:: Data shown ::

┄┄┄┄┄┄

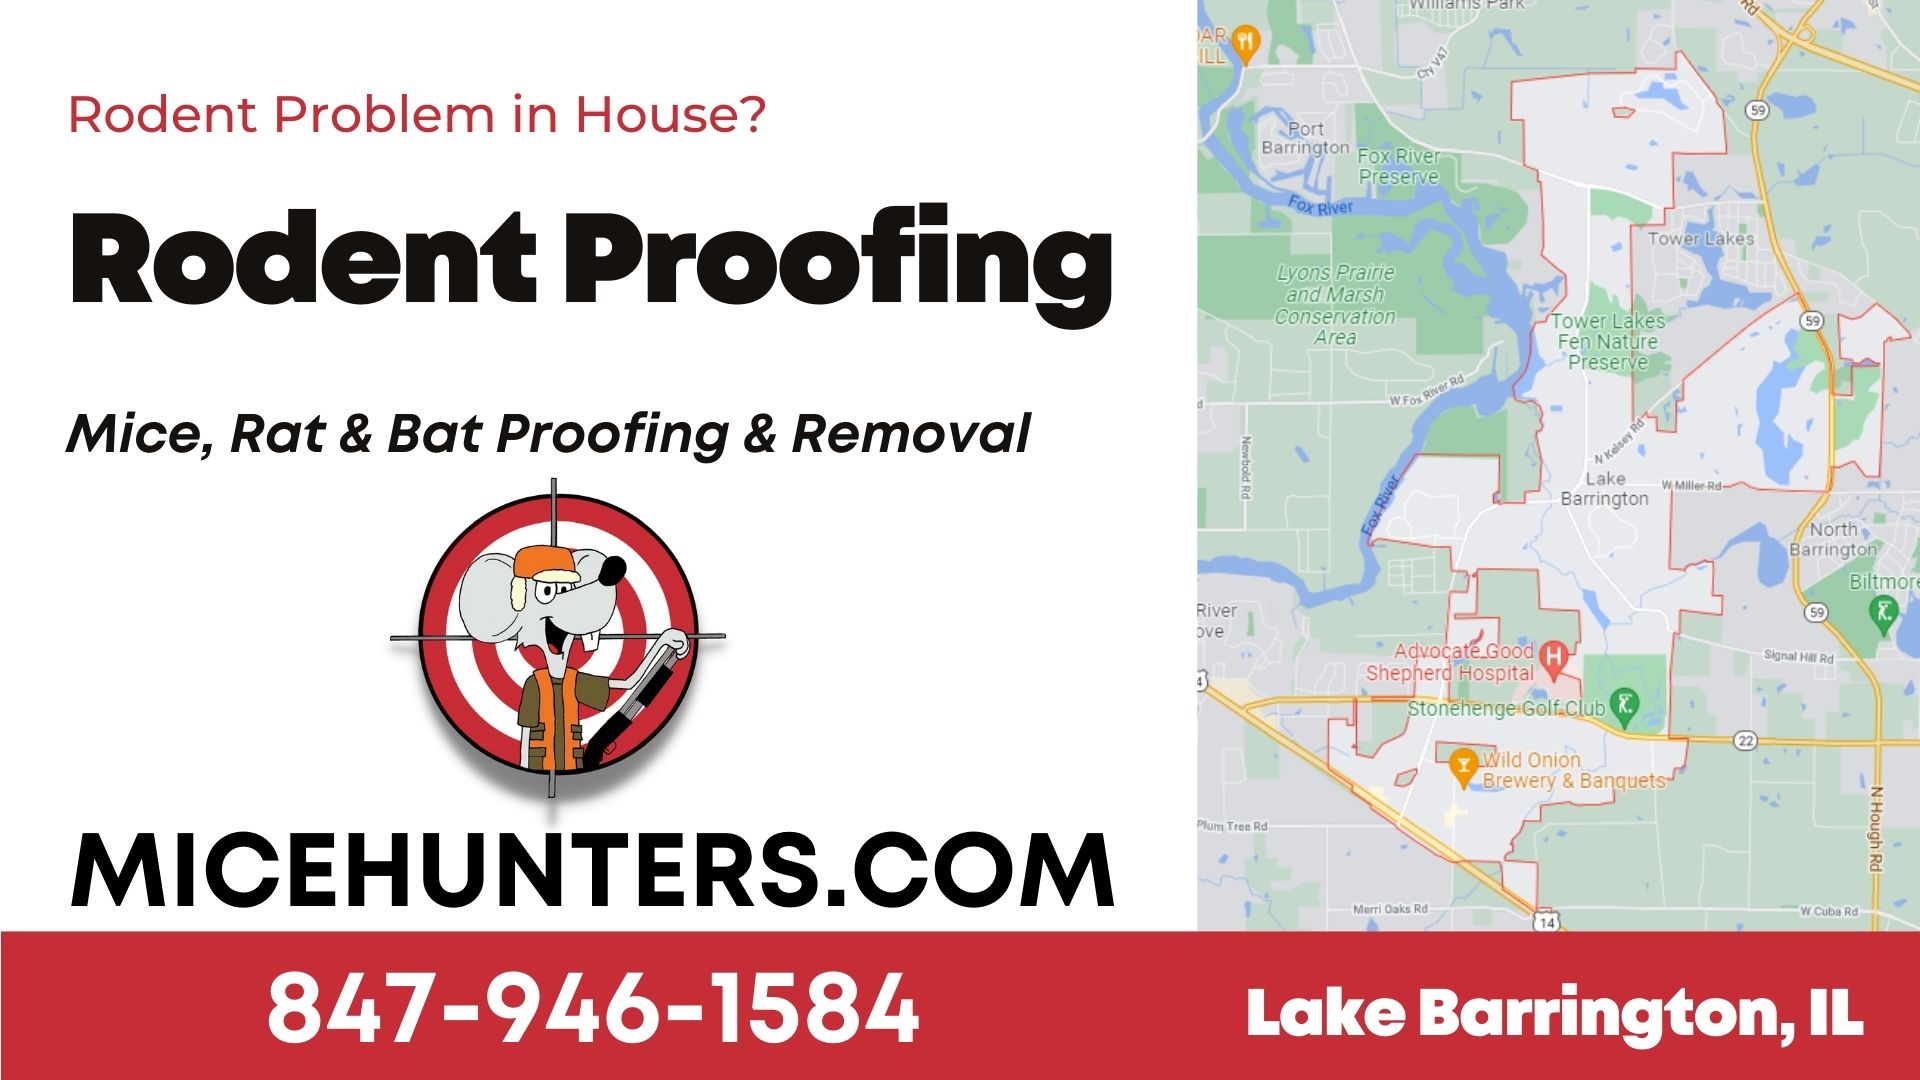 Lake Barrington Rodent and Mice Proofing Exterminator
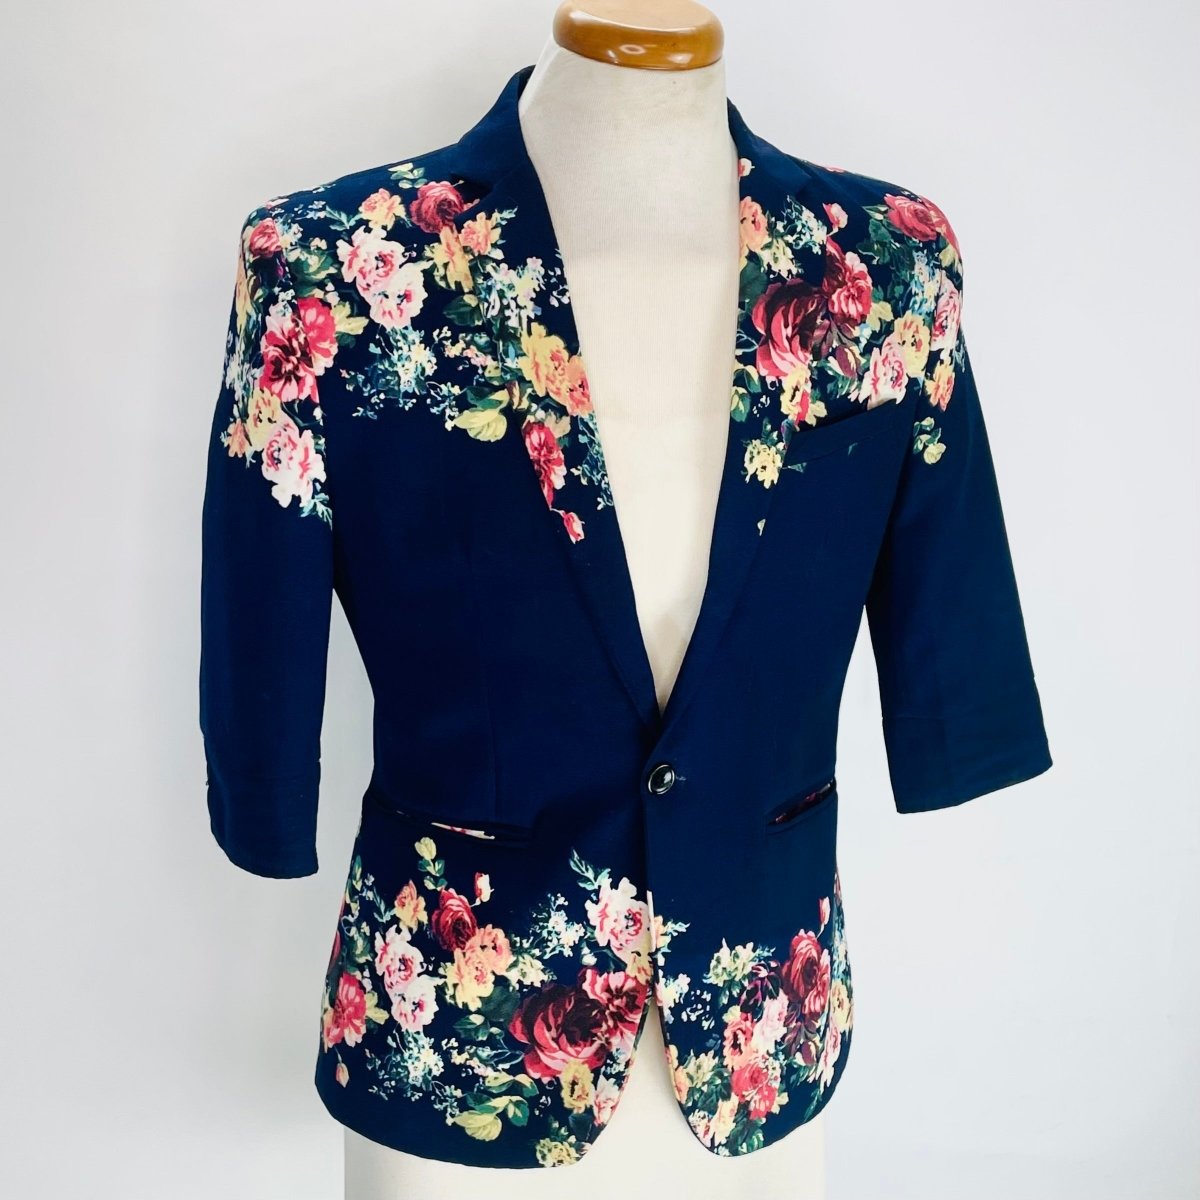 Floral Blazer Jacket with ¾ Length Sleeves - Hart & Hive
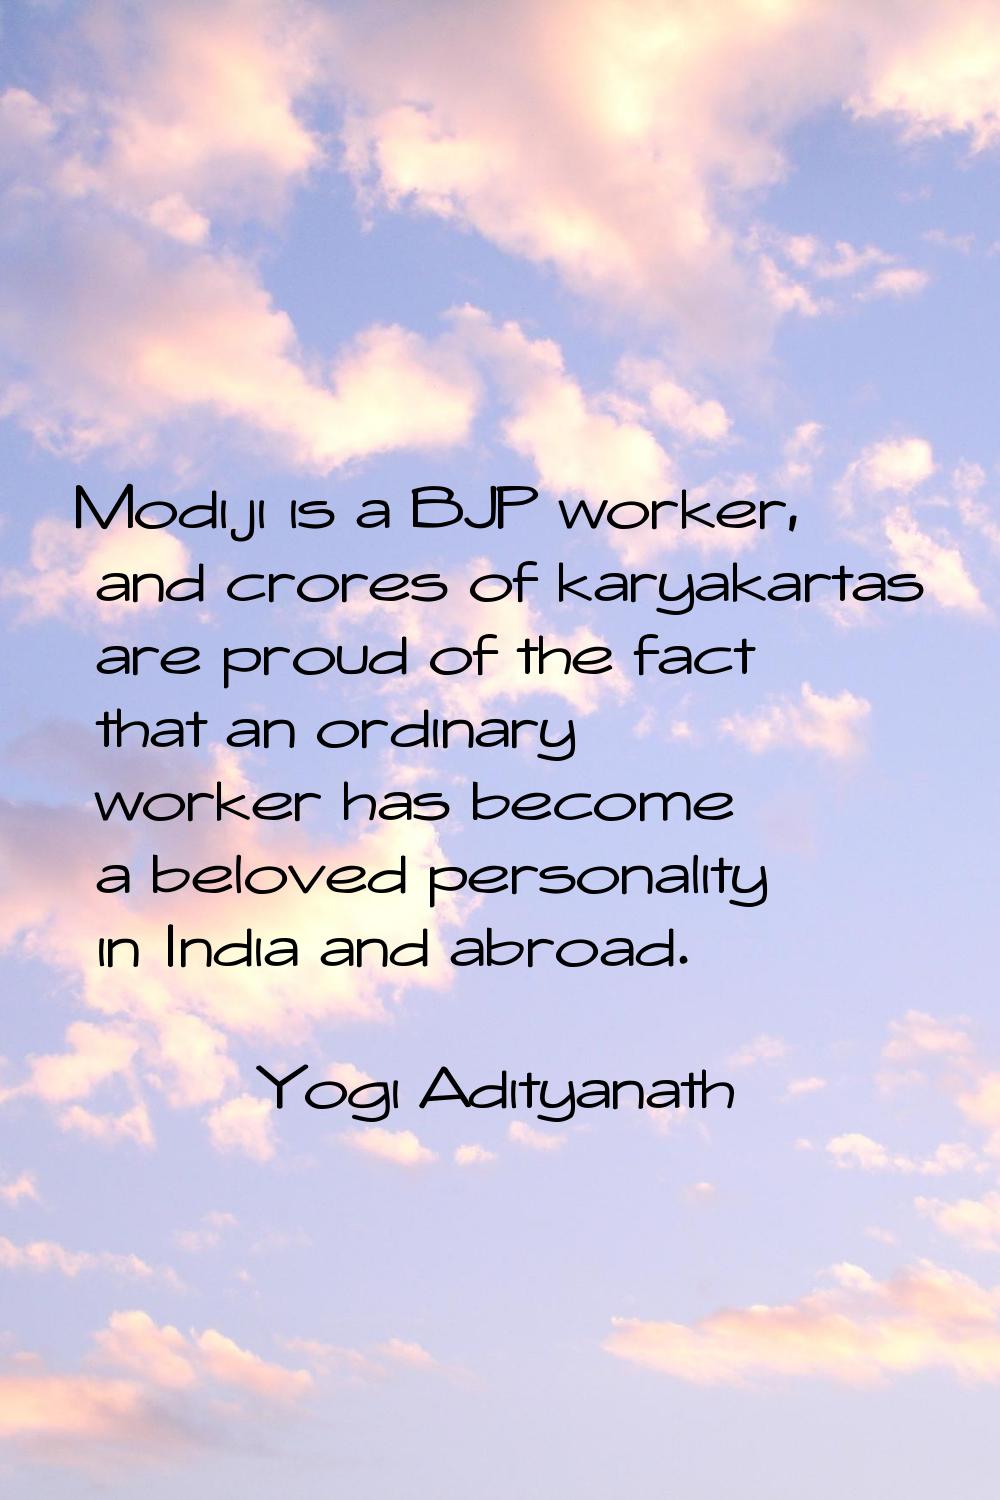 Modiji is a BJP worker, and crores of karyakartas are proud of the fact that an ordinary worker has

┄┄┄┄┄┄

:: What you need to do ::
Leave out the pictures and reproduce the rest of the listing exactly.

:: Output for this task ::
 Lake Barrington Rodent and Mice Proofing Exterminator
 Floral Blazer Jacket with ¾ Length Sleeves - Hart & Hive
 Modiji is a BJP worker, and crores of karyakartas are proud of the fact that an ordinary worker has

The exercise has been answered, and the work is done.